§ SOURCE DATA:
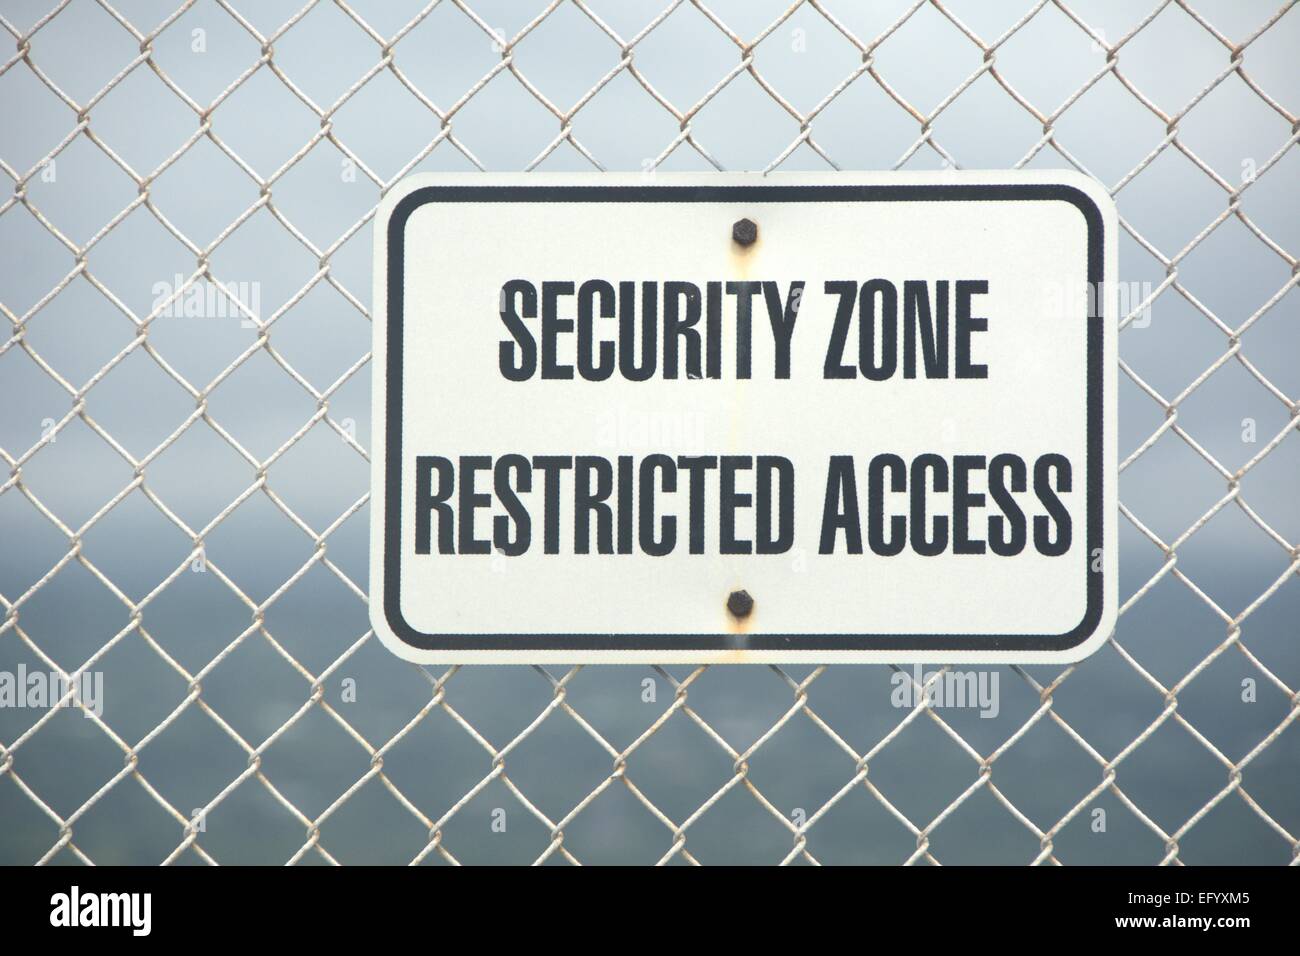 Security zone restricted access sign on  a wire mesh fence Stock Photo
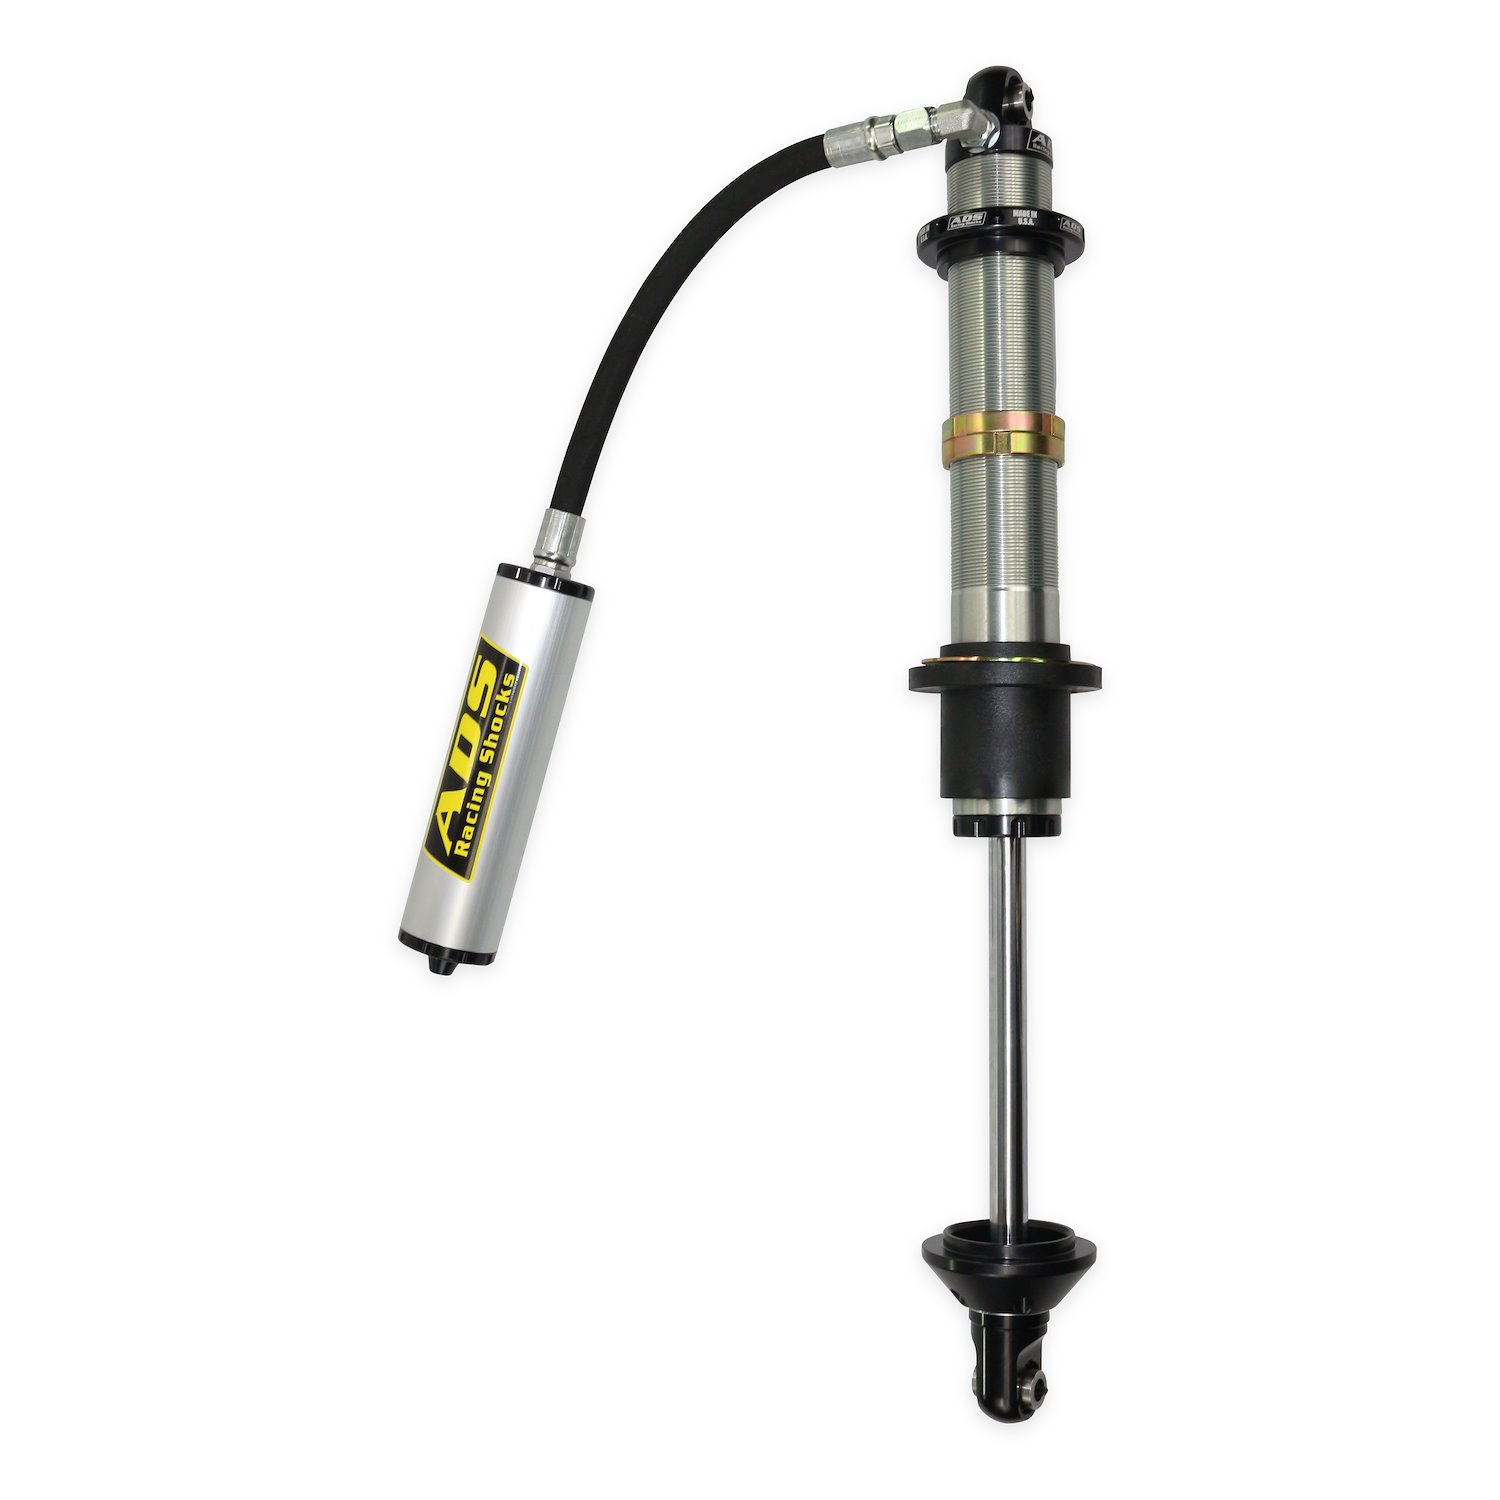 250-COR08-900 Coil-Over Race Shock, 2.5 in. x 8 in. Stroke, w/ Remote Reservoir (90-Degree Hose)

* * *

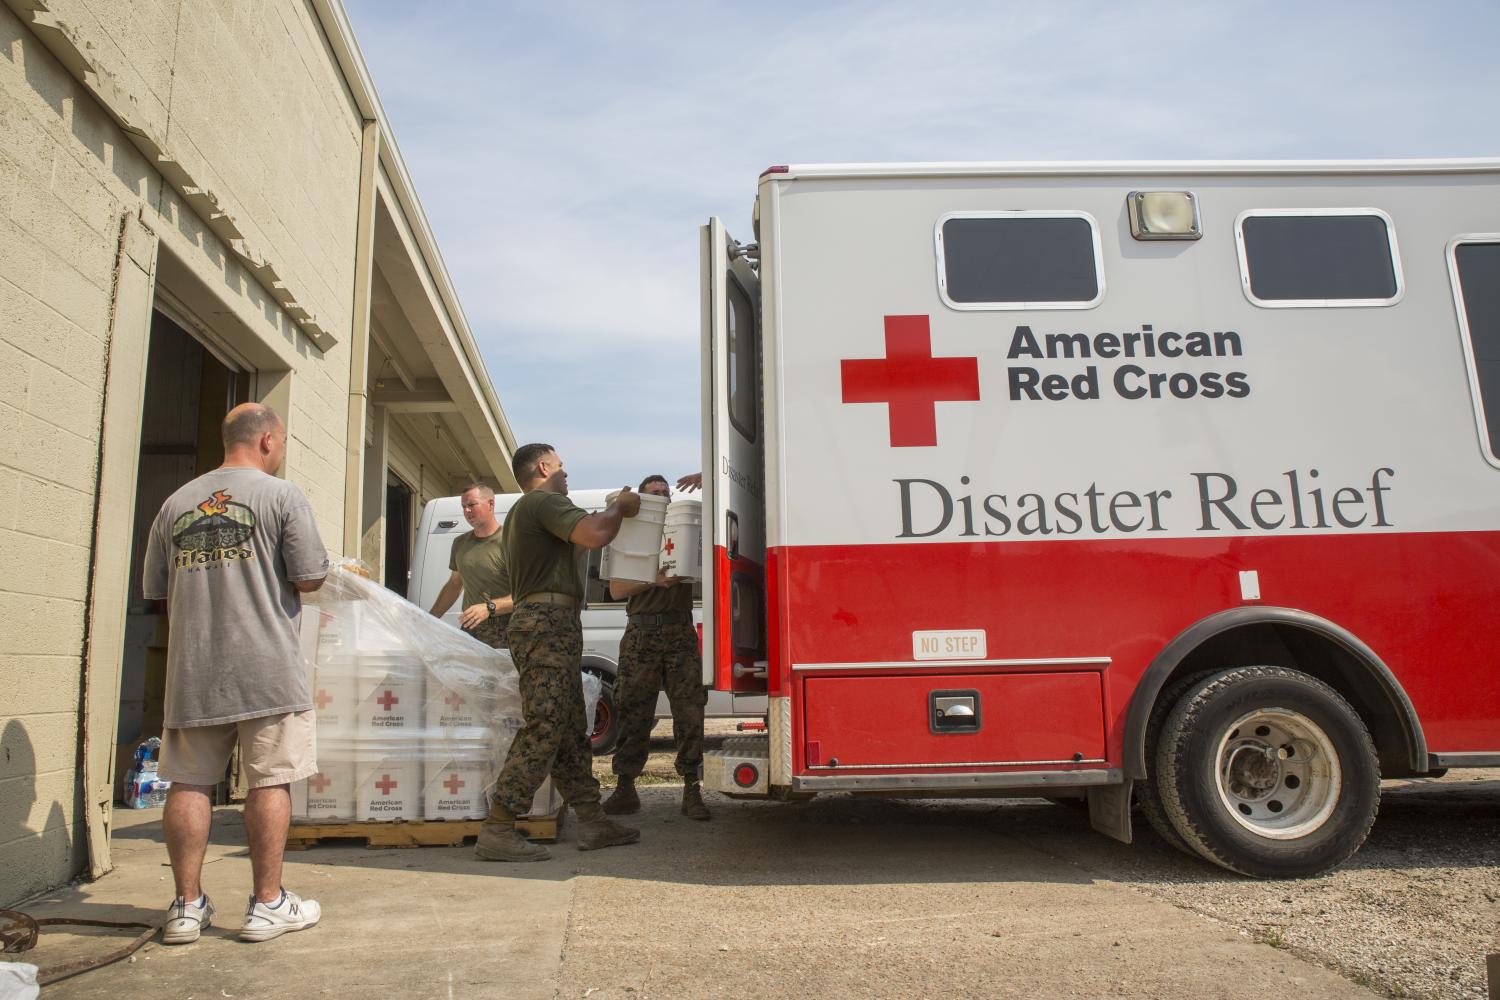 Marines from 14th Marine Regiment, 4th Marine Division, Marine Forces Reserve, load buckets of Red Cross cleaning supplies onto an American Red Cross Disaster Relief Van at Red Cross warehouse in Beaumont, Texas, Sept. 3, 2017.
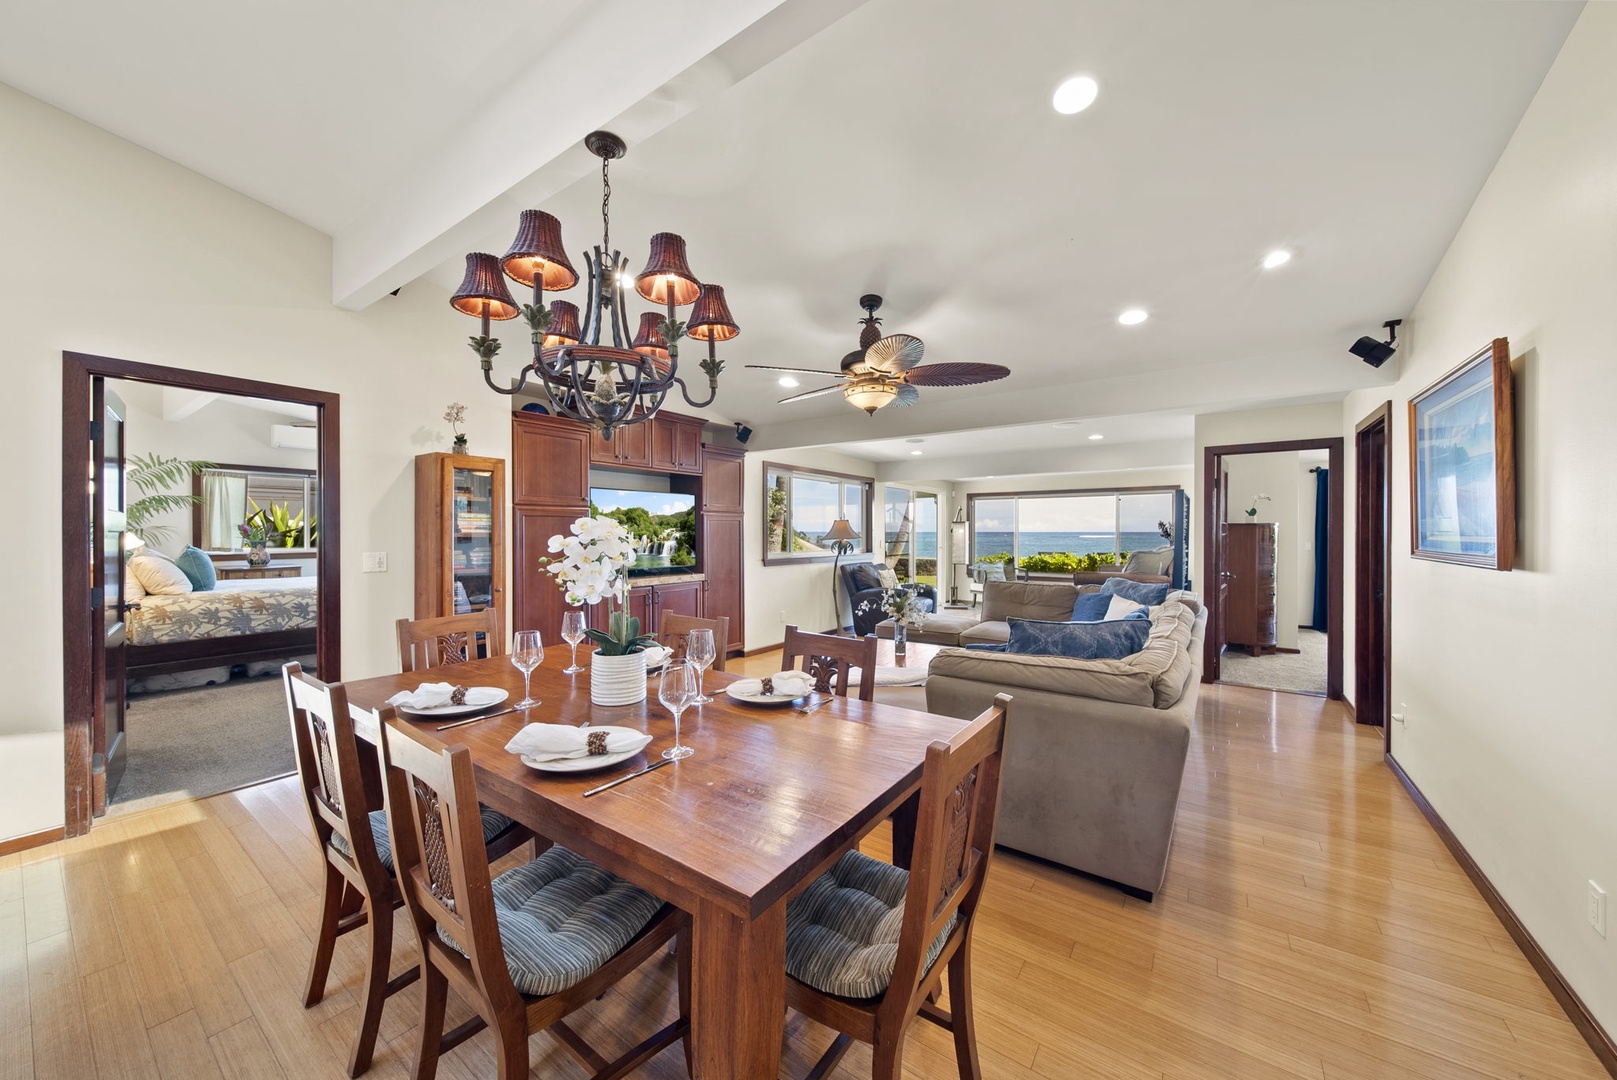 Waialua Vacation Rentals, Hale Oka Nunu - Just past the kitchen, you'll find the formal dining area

...

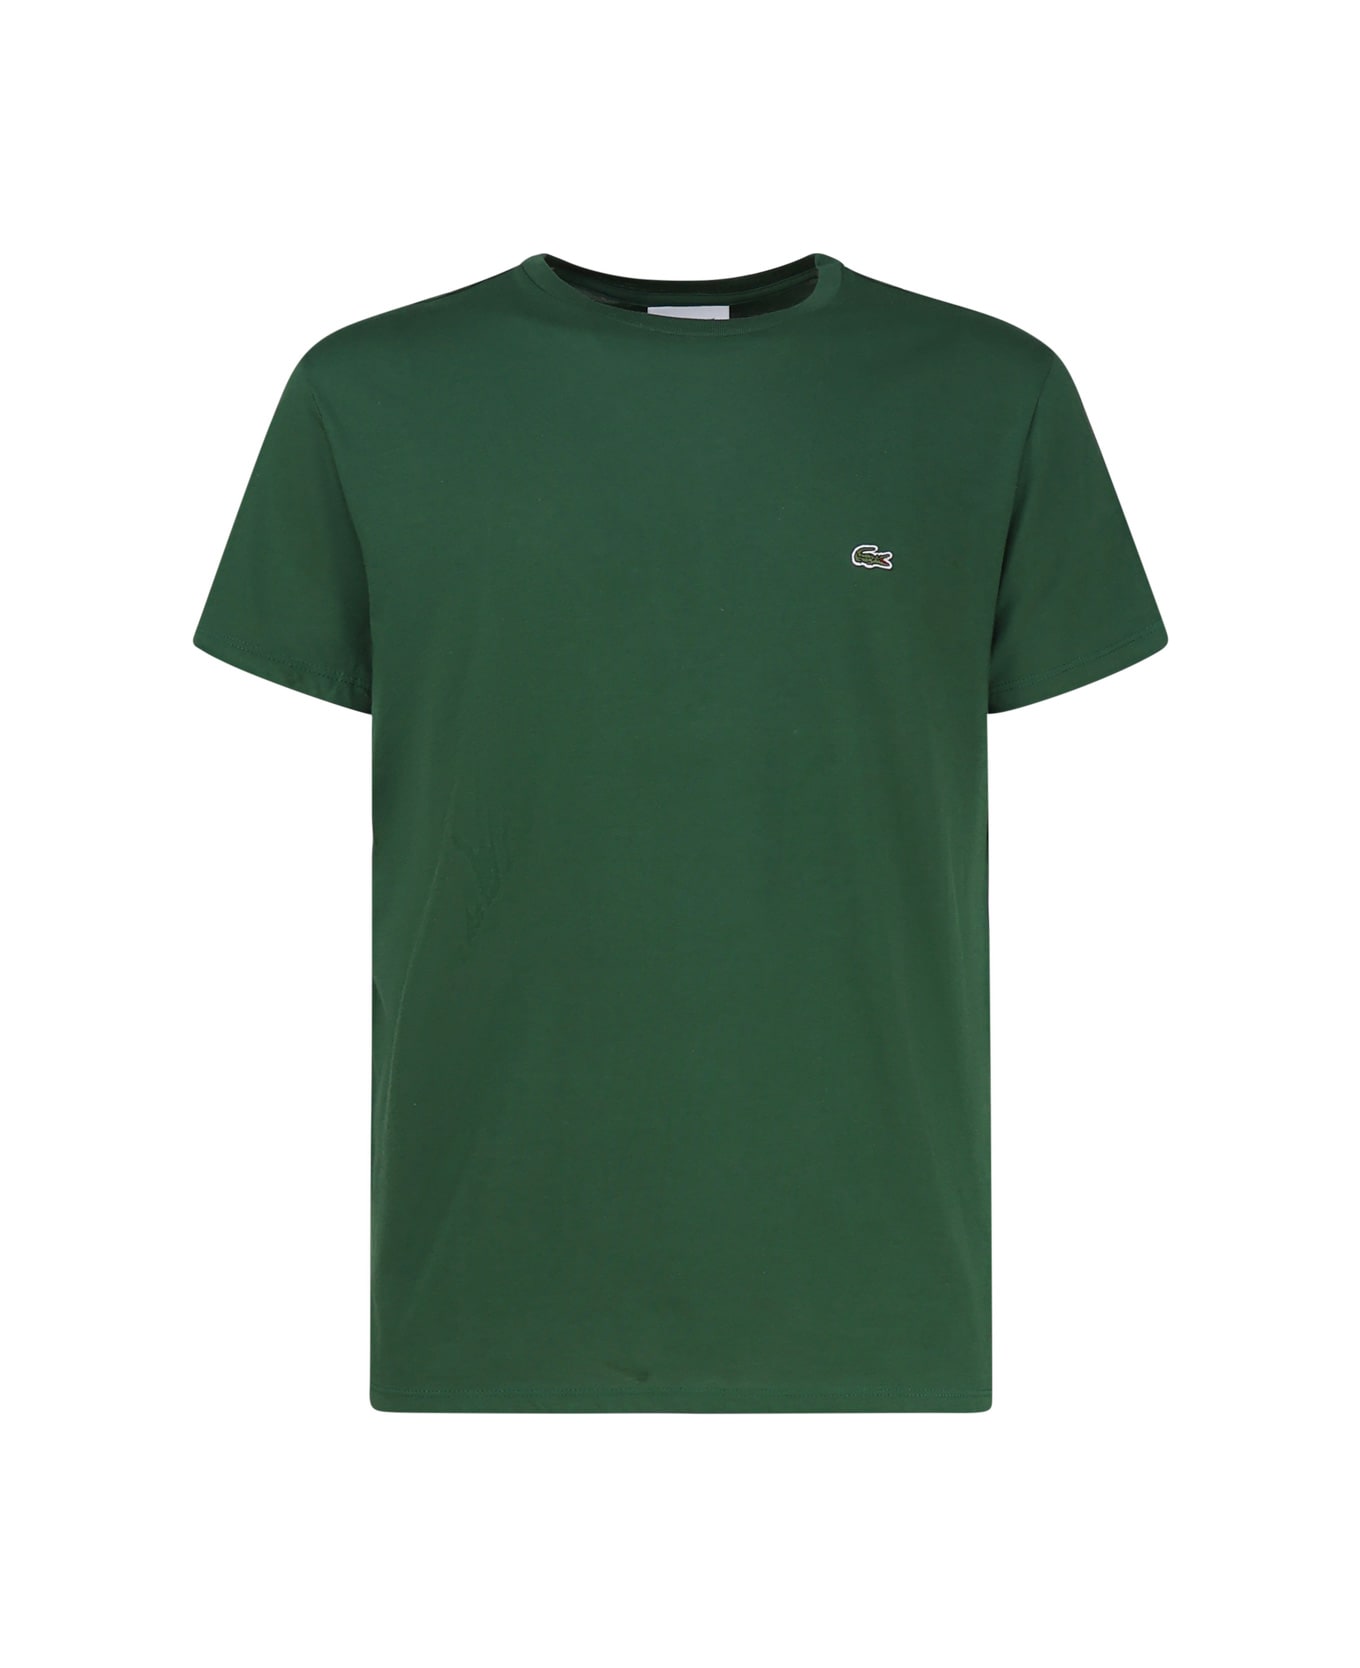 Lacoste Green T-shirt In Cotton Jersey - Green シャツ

§ ACTION ITEM:
Print, exactly and with no pictures, the lines of the listing above starting at the one that has "Security zone restricted" and ending at the one that has "250-COR08-900 Coil-Over Race", both included.

§ ANSWER:
 Security zone restricted access sign on  a wire mesh fence Stock Photo
 250-COR08-900 Coil-Over Race Shock, 2.5 in. x 8 in. Stroke, w/ Remote Reservoir (90-Degree Hose)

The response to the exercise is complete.